Assigned task: What is needed is an exact reproduction of the lines in the records below, starting at the line with "25 Awesome Hobbies" and ending at the line with "Avikalp Exclusive Awi5234", both included, and nothing else; pictures stay out.

[Opening Data records section]

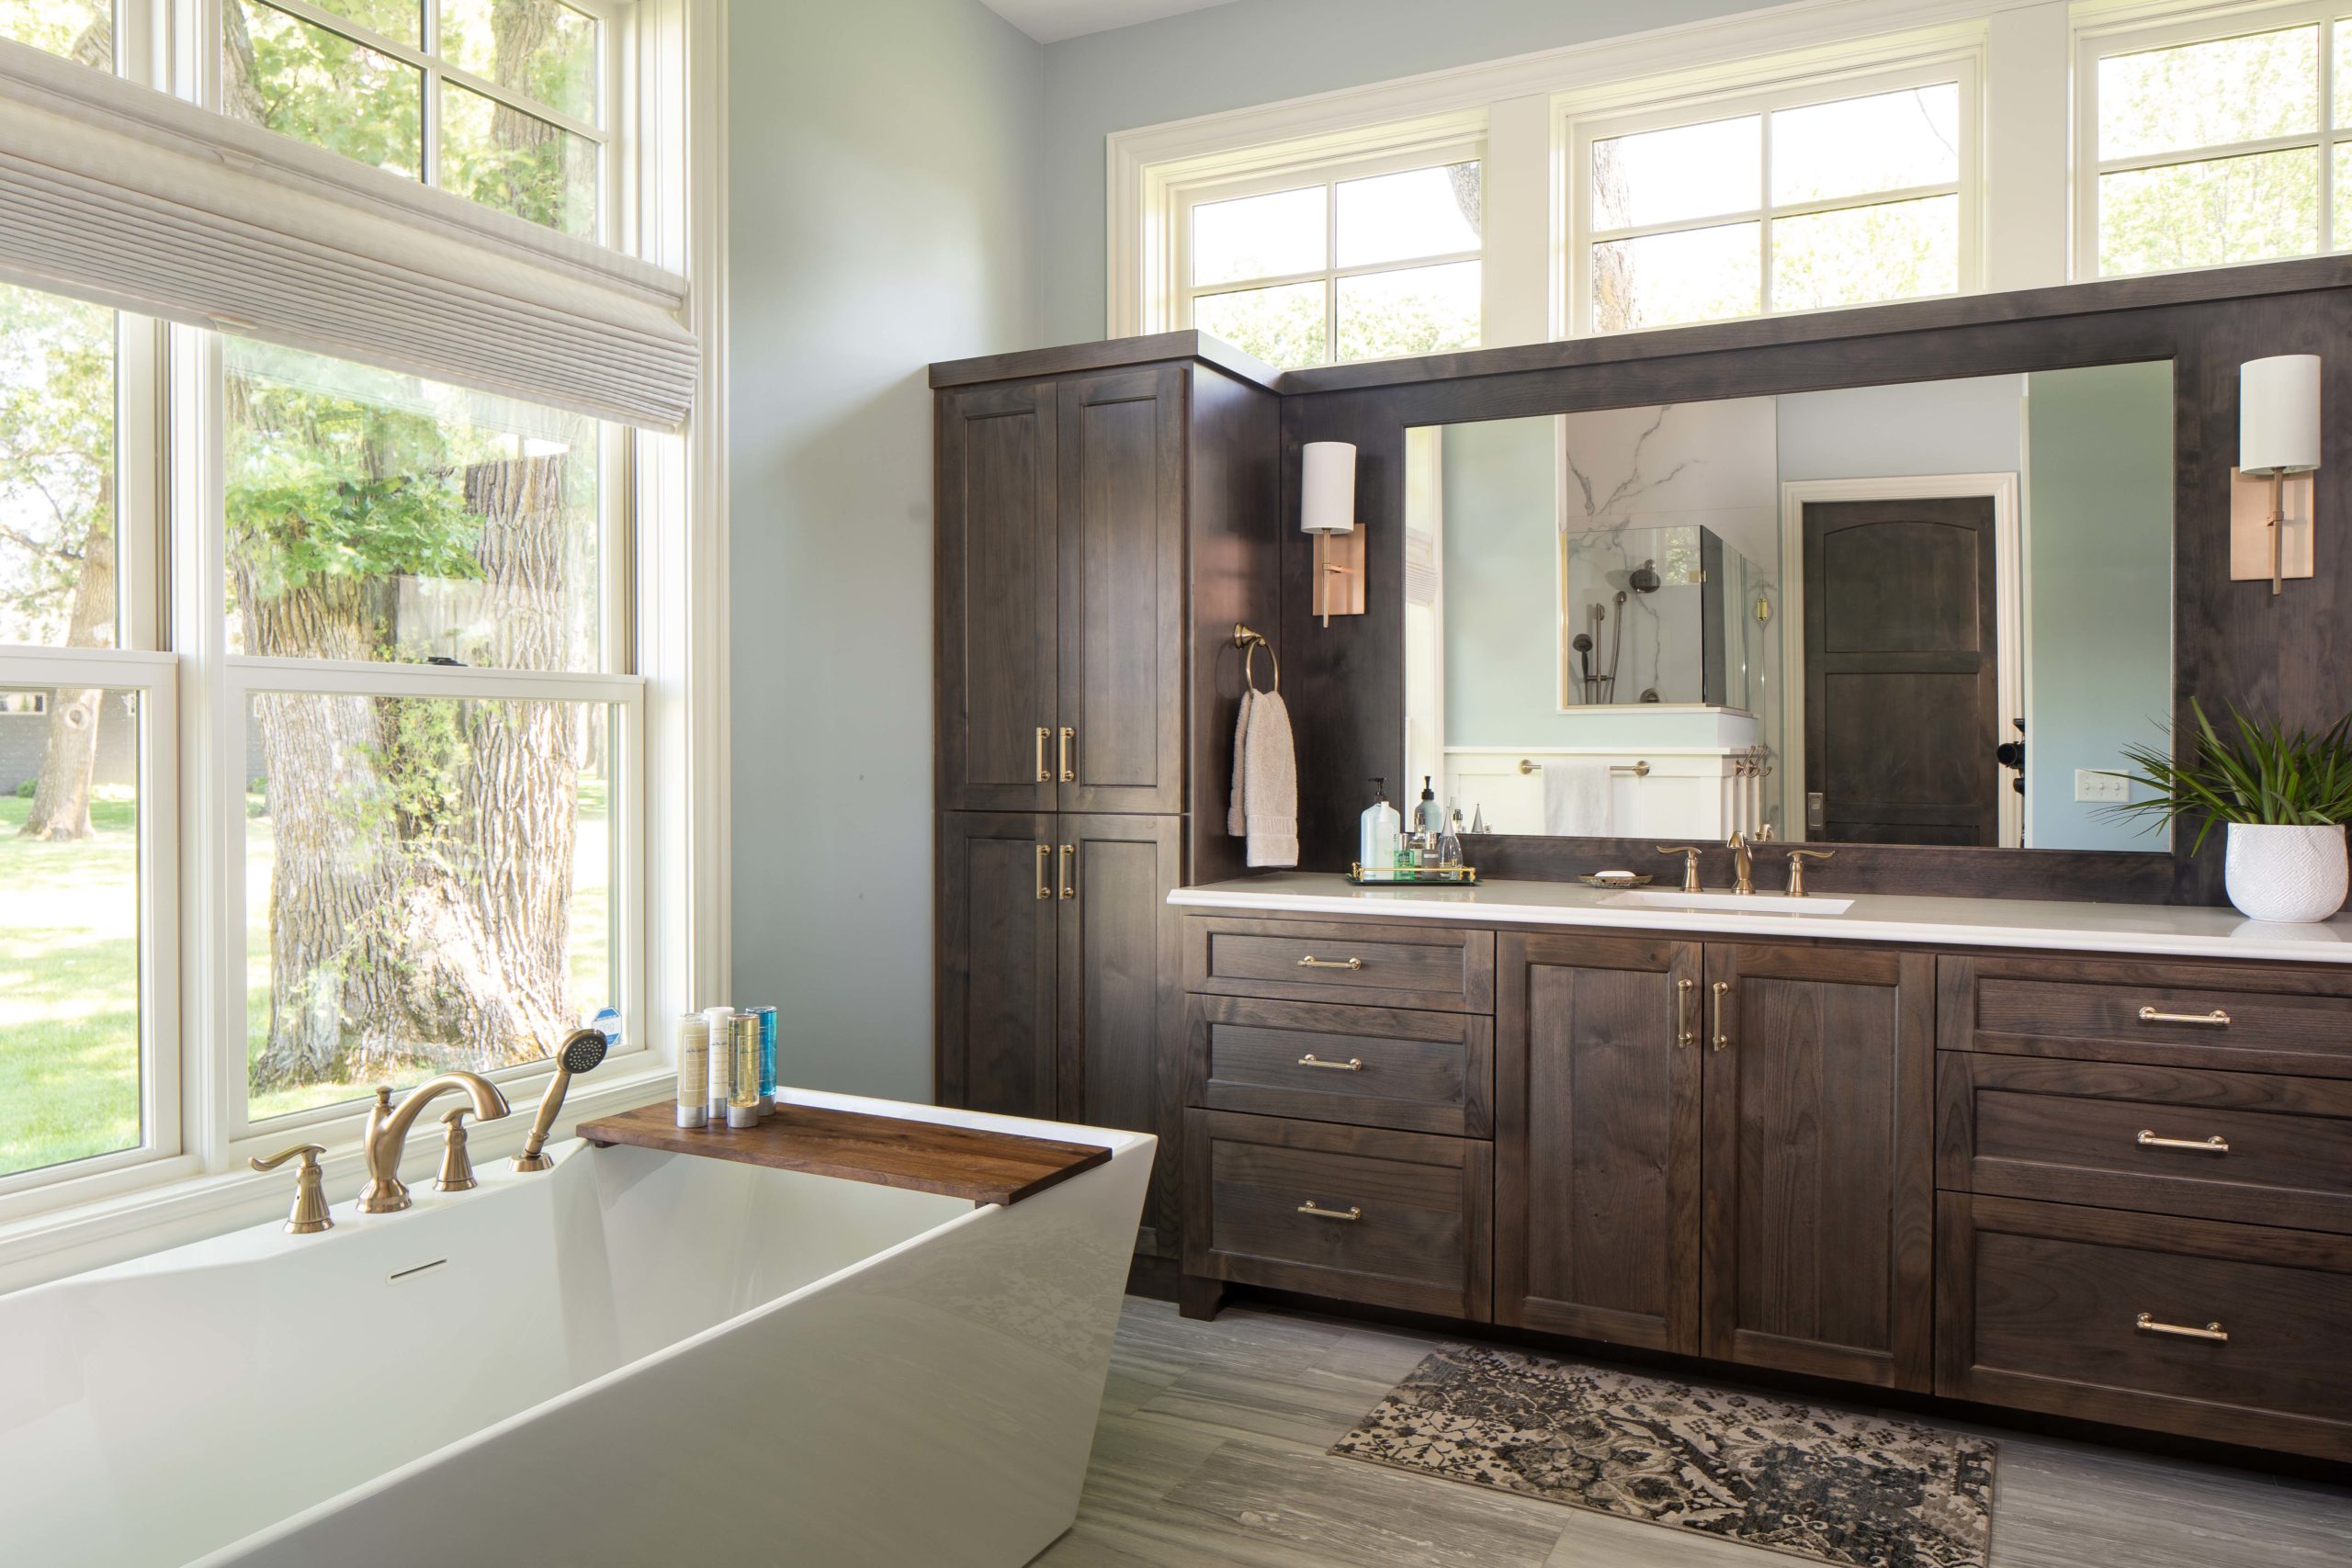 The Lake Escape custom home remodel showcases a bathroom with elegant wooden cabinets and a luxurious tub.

[Closing Data records section]
[Opening Data records section]

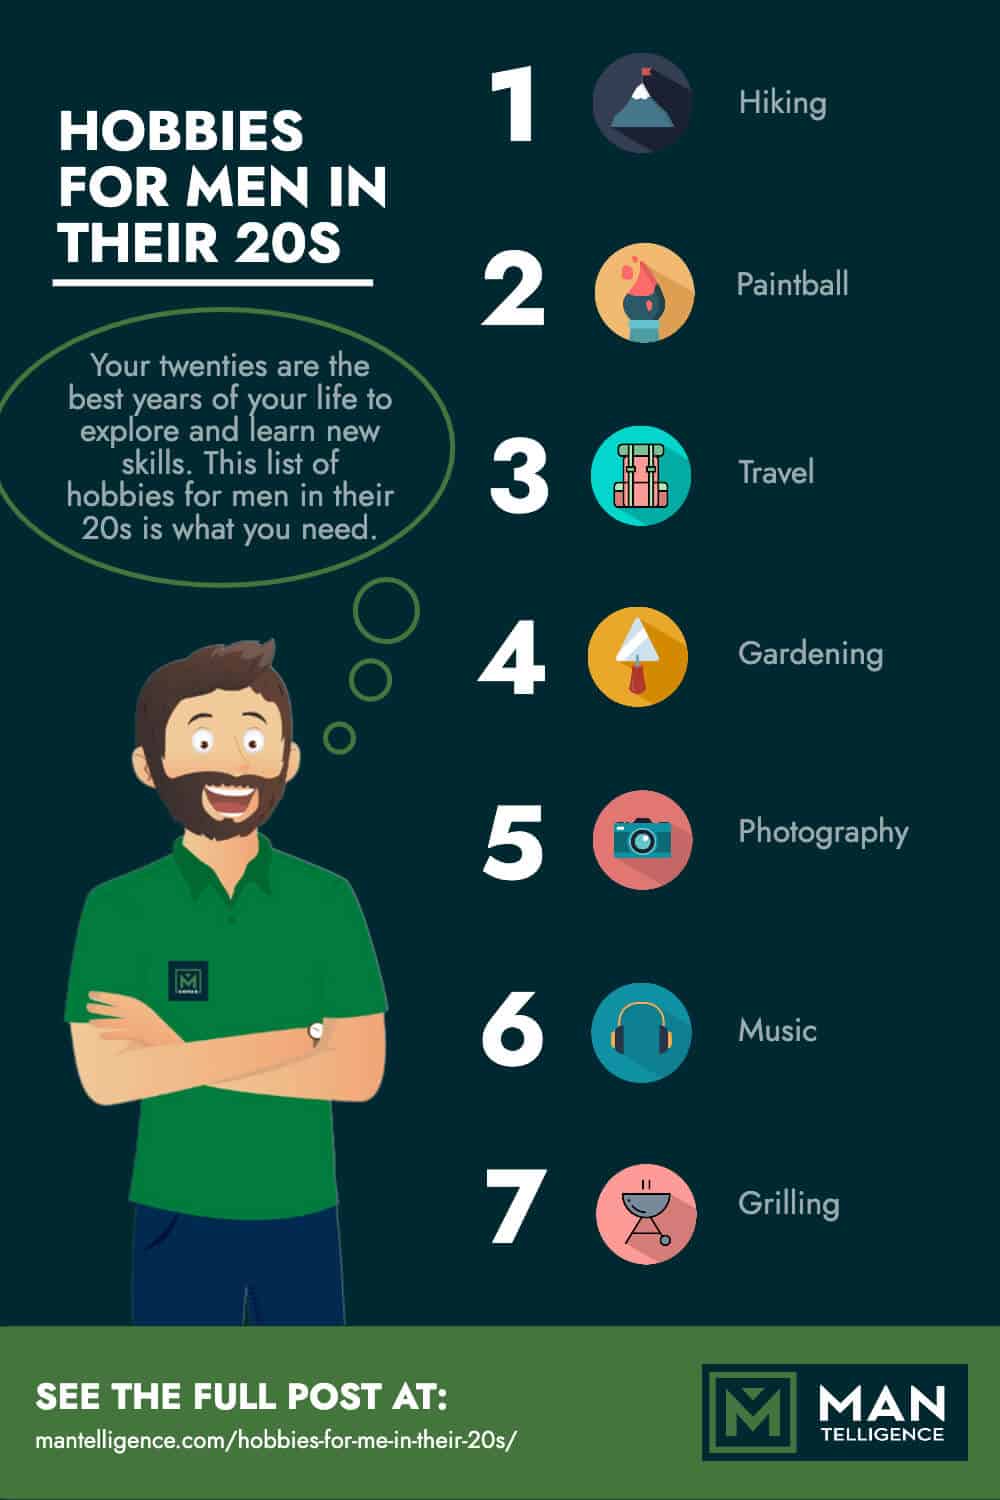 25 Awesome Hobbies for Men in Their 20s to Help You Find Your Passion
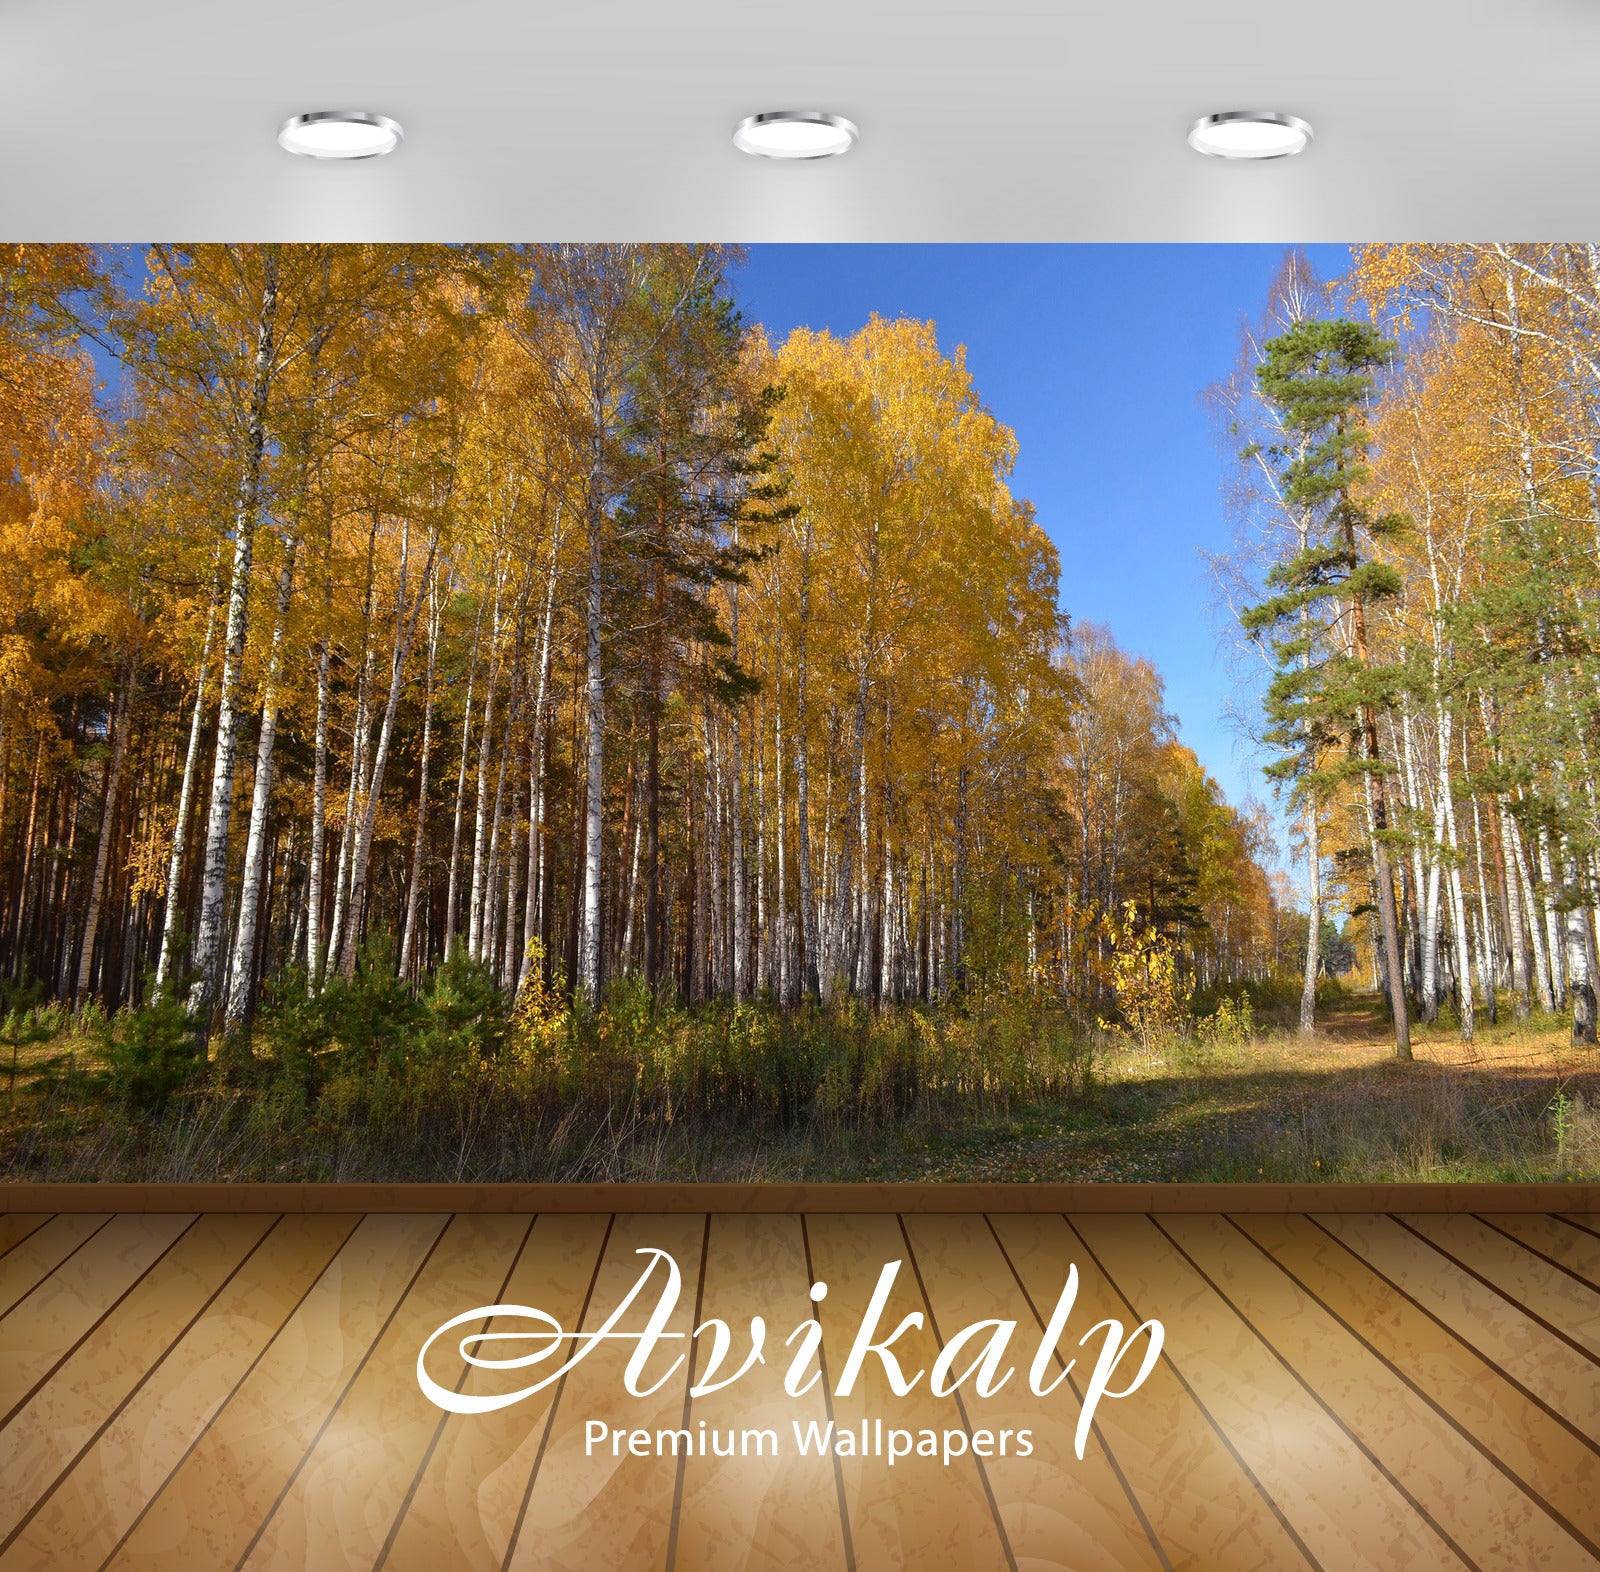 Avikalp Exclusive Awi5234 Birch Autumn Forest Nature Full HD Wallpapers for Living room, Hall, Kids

[Closing Data records section]

Solution for this task:
 25 Awesome Hobbies for Men in Their 20s to Help You Find Your Passion
 Avikalp Exclusive Awi5234 Birch Autumn Forest Nature Full HD Wallpapers for Living room, Hall, Kids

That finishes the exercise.